Dans un commentaire lié, Helen Clark, présidente du Partenariat pour la santé maternelle, néonatale et infantile (PMNCH) et ancien Premier ministre de la Nouvelle-Zélande (qui n’a pas participé à la série d’articles) écrit: « Les droits et les besoins des femmes, les enfants et les adolescents doivent être placés au centre de tous les efforts humanitaires, de développement et de consolidation de la paix, conformément au concept de centralité de la protection.
Faire cela n’est pas la responsabilité d’un secteur ou d’un groupe de parties prenantes en particulier, et tous les acteurs doivent collectivement s’entendre et exiger un alignement, un investissement et une attention politique plus importants pour les femmes, les enfants et les adolescents qui sont piégés dans les zones de conflit.
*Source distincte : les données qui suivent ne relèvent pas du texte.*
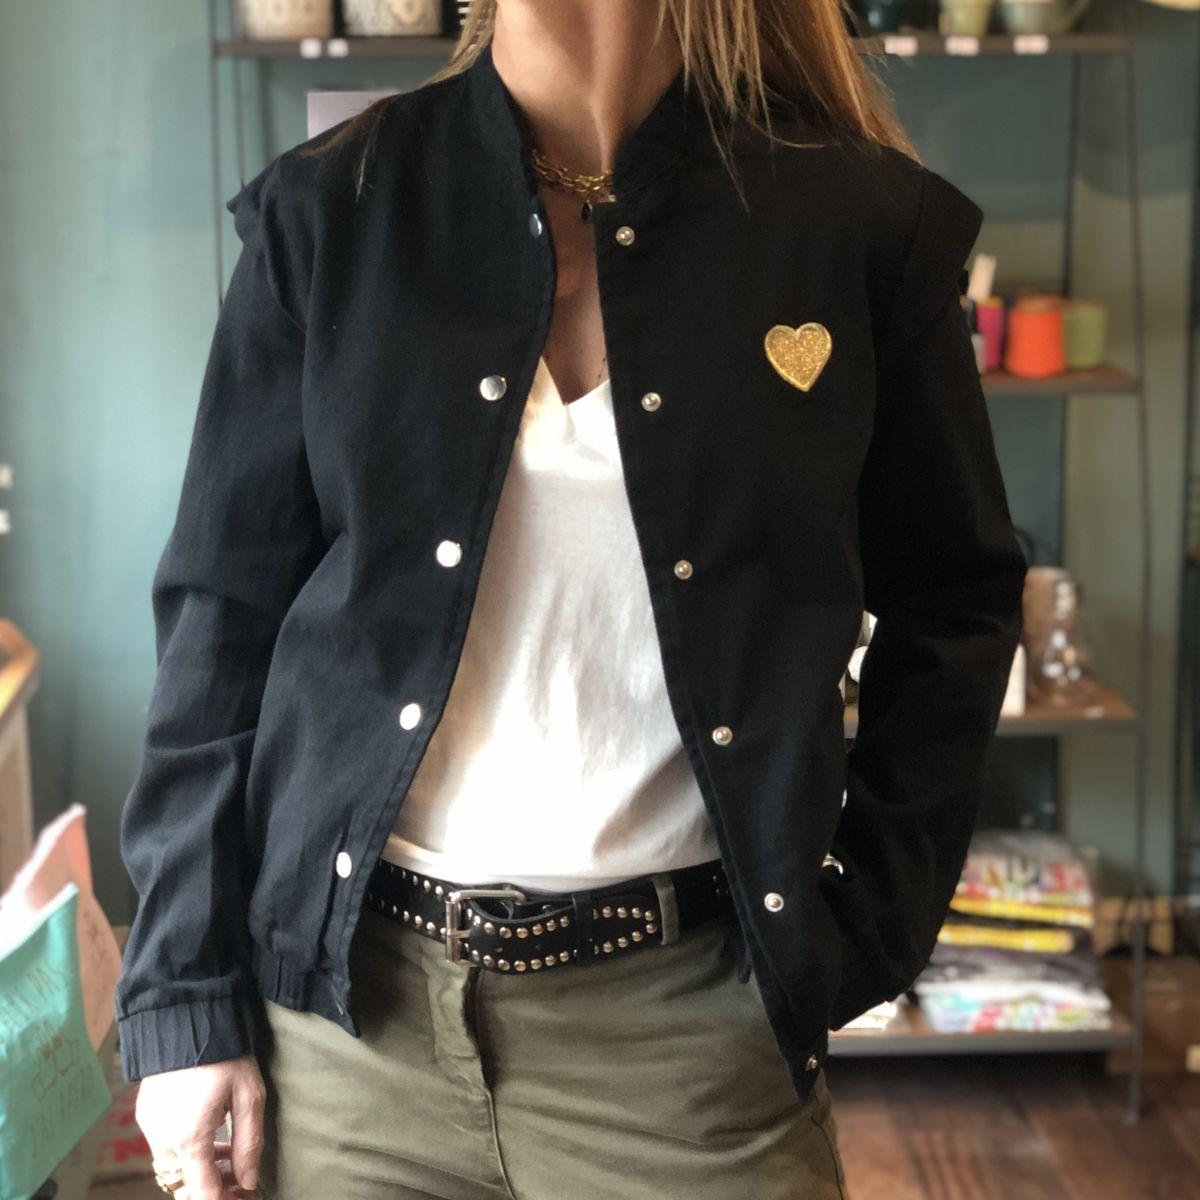 veste noire coeur doré by destele

Ce n’est qu’alors que le fardeau inégal de la morbidité et de la mortalité évitables dans les régions les plus difficiles du monde pourra être abordé d’une manière qui garantisse que personne ne soit laissé pour compte. «
La source:
Référence du journal:
Sage, PH, et al. (2021) Les dimensions politiques et sécuritaires de la réponse humanitaire et sanitaire aux conflits violents. The Lancet. doi.org/10.1016/S0140-6736(21)00130-6.